Сёма покровительственно взял девочку за руку и повел на базар. День был в самом разгаре, и базар шумел со страшной силой. Казалось, он переливался широкими волнами сразу во все стороны. Народ гомонил, кричал, хохотал, причитал и рыдал одновременно.
— А вот пиджак новый, почти не ношеный, мужской пиджак!
— Кому калоши-вездеходы?!
— Яблоки, самые вкусные сочные и сладкие в мире я-яблоки!
— А вот шапка-невидимка! Коль ее наденешь тут, во всем свете не найдут!
Здесь можно было продать и купить решительно все. Одни продавцы громко кричали и бранились с покупателями, выторговывая лишнюю копейку. Другие стояли с угрюмым выражением лица, молча выставив перед собой носильные вещи, предметы обихода, часы, столярные и слесарные инструменты. Напротив, за прилавками, переминались с ноги на ногу бойкие тетки в грязных, когда-то белых, фартуках, торгующие овощами и фруктами.
— Ах, ты, негодник, две груши спер, сто-ой! — вдруг запоздало заорала раскрасневшаяся от жары зазевавшаяся дородная торговка, потрясая кулаком вслед убегающему замурзанному постреленку, не замечая при этом, как другой, такой же, втихаря стащил с прилавка еще несколько сочных, будто налитых солнцем, ярко-желтых плодов, сунул за пазуху и нырнул в другую сторону.
— Ничего, не переживай, мамаша, у тебя их много еще, чай, не обеднеешь, — прогудел низким басом, под смех толпы, мужик по-соседству, глубоко затягиваясь самокруткой.
Он купил у соседнего прилавка стопку самогона и, одним махом опрокинув его в себя, с удовольствием крякнул, закусывая полученным вдобавок соленым огурцом. Рядом торговал поштучно папиросами и спичками хмурый инвалид без ноги.
— Ай, деньги украли, держи вора! — разносился по базару пронзительный женский вопль.
Тала остановилась в растерянности, открыв рот. Попав в этот людской водоворот, она не знала, что делать, ноги будто приросли к земле.
— Ну, чего ты стоишь, как вкопанная, ворон ловишь? — вывел ее из оцепенения голос брата. — Ступай скорей за мной, а то, того и гляди, сомнут — и не заметят! Нам тут делать нечего. У нас с тобой другой интерес.
Он с силой потянул ее в противоположный конец базара, где был еще один выход. Ребята вышли на другую улицу — и гомон сразу утих, будто его и не было, даже уши заложило от внезапно наступившей тишины.

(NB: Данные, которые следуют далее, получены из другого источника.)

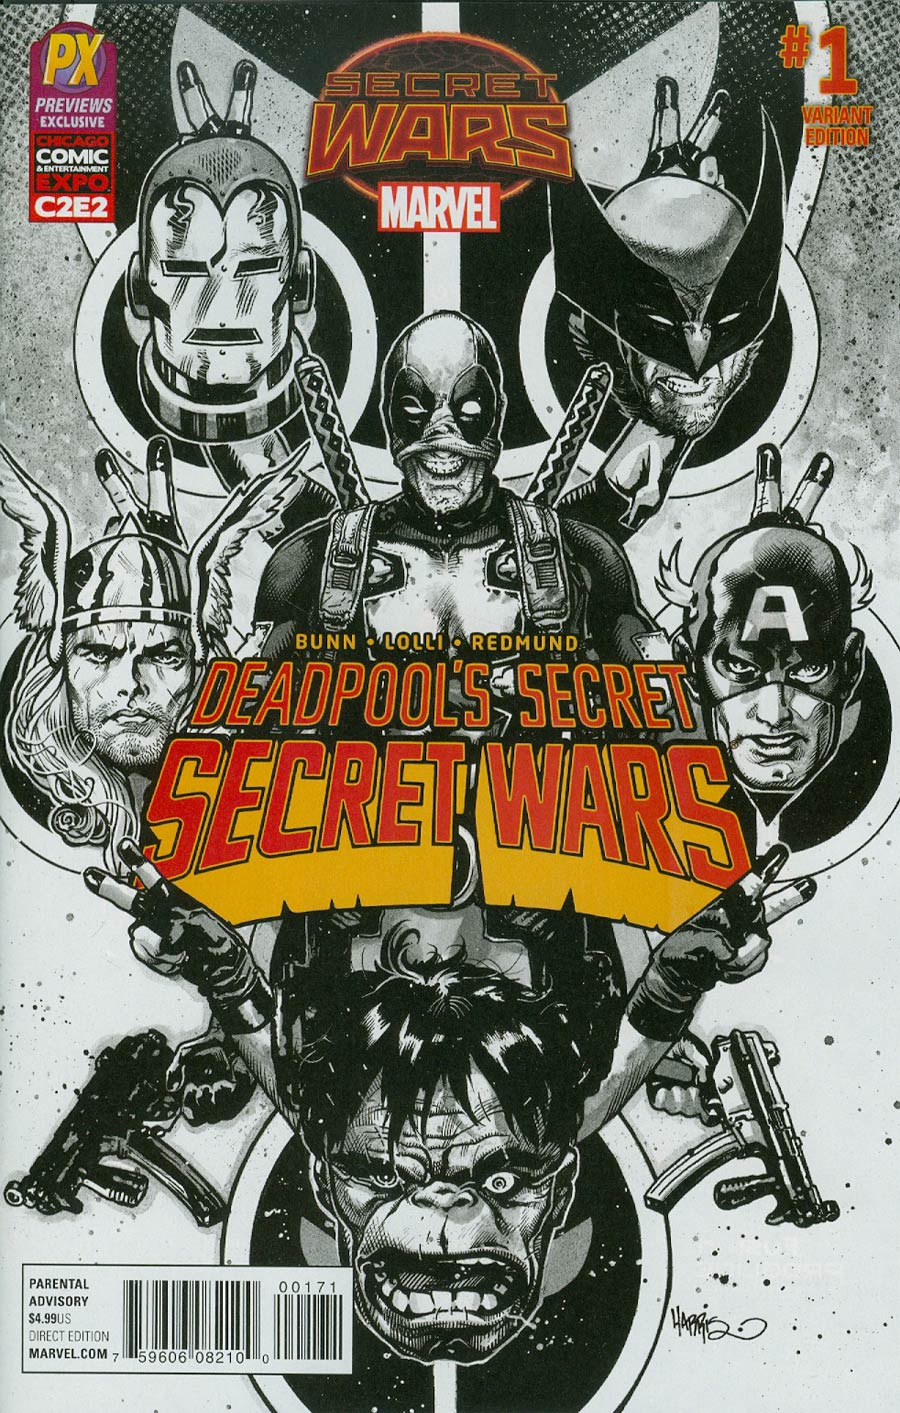 Deadpools Secret Secret Wars #1 Cover I C2E2 Previews Exclusive Inked Variant Cover (Secret Wars Warzones Tie-In)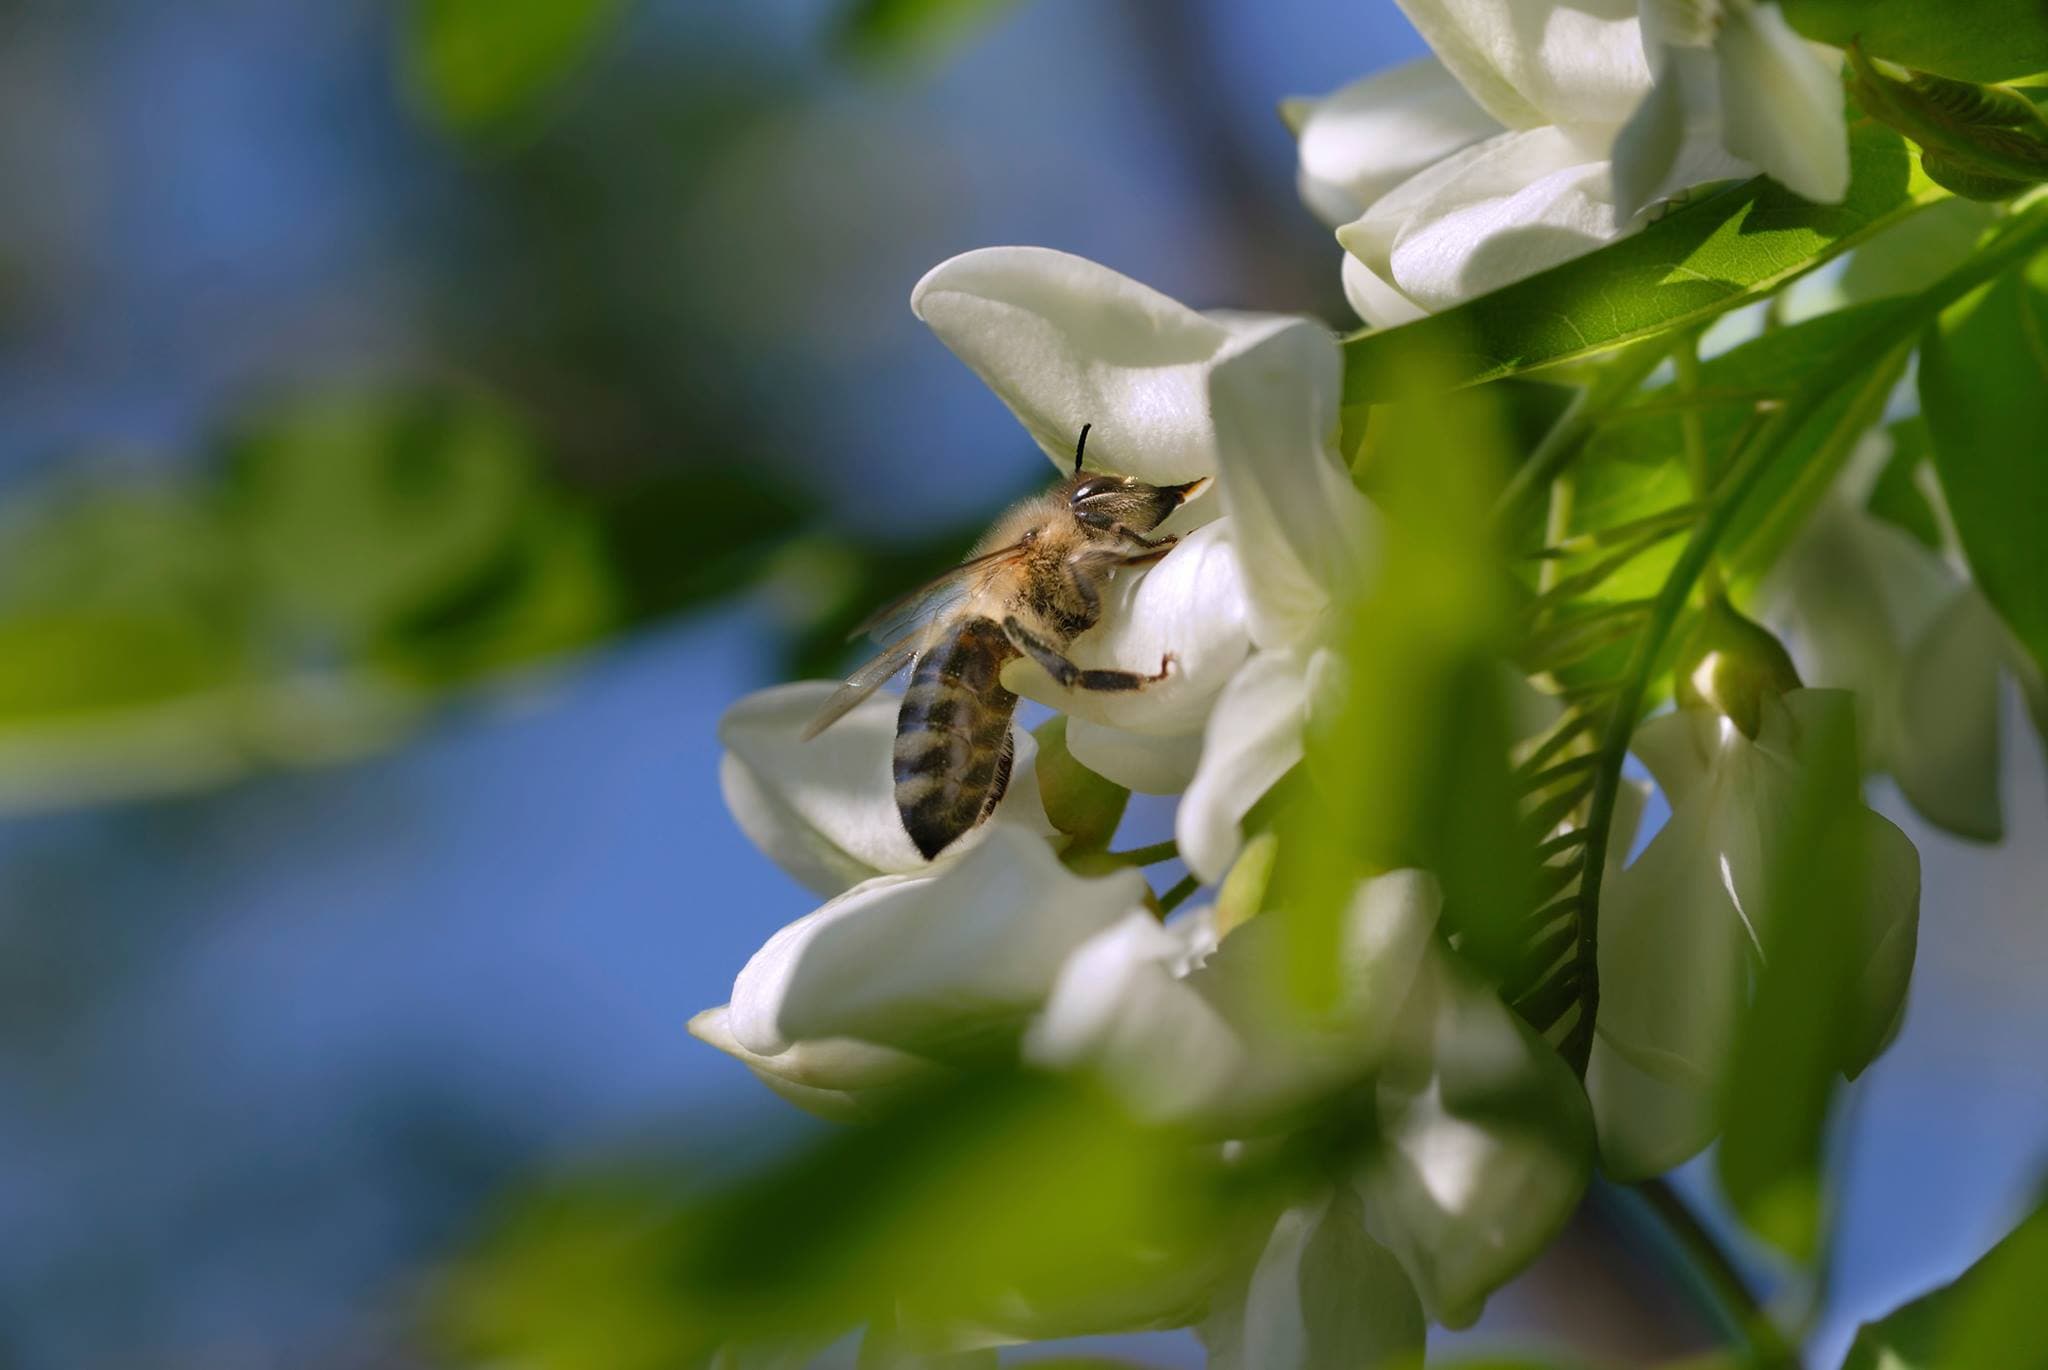 20 May - World Bee Day

Тала знала эту улицу. Через дорогу на тротуаре находился лоток под тентом, за которым полная, всегда приветливо улыбающаяся продавщица в белом чепце и халате торговала газированной водой. Папа несколько раз приводил сюда дочку и покупал ей воду с вкусным сладким сиропом. Сиропы были разные — и грушевый, и яблочный, и малиновый. Этот напиток ей нравился чрезвычайно. И хотя целый стакан одолеть было тяжеловато, Тала все равно выпивала его весь до дна, с отдыхом, конечно, с усилием, но справлялась. Видя, что дочке очень нравится этот напиток, папа пообещал, что Тала постепенно попробует все сиропы.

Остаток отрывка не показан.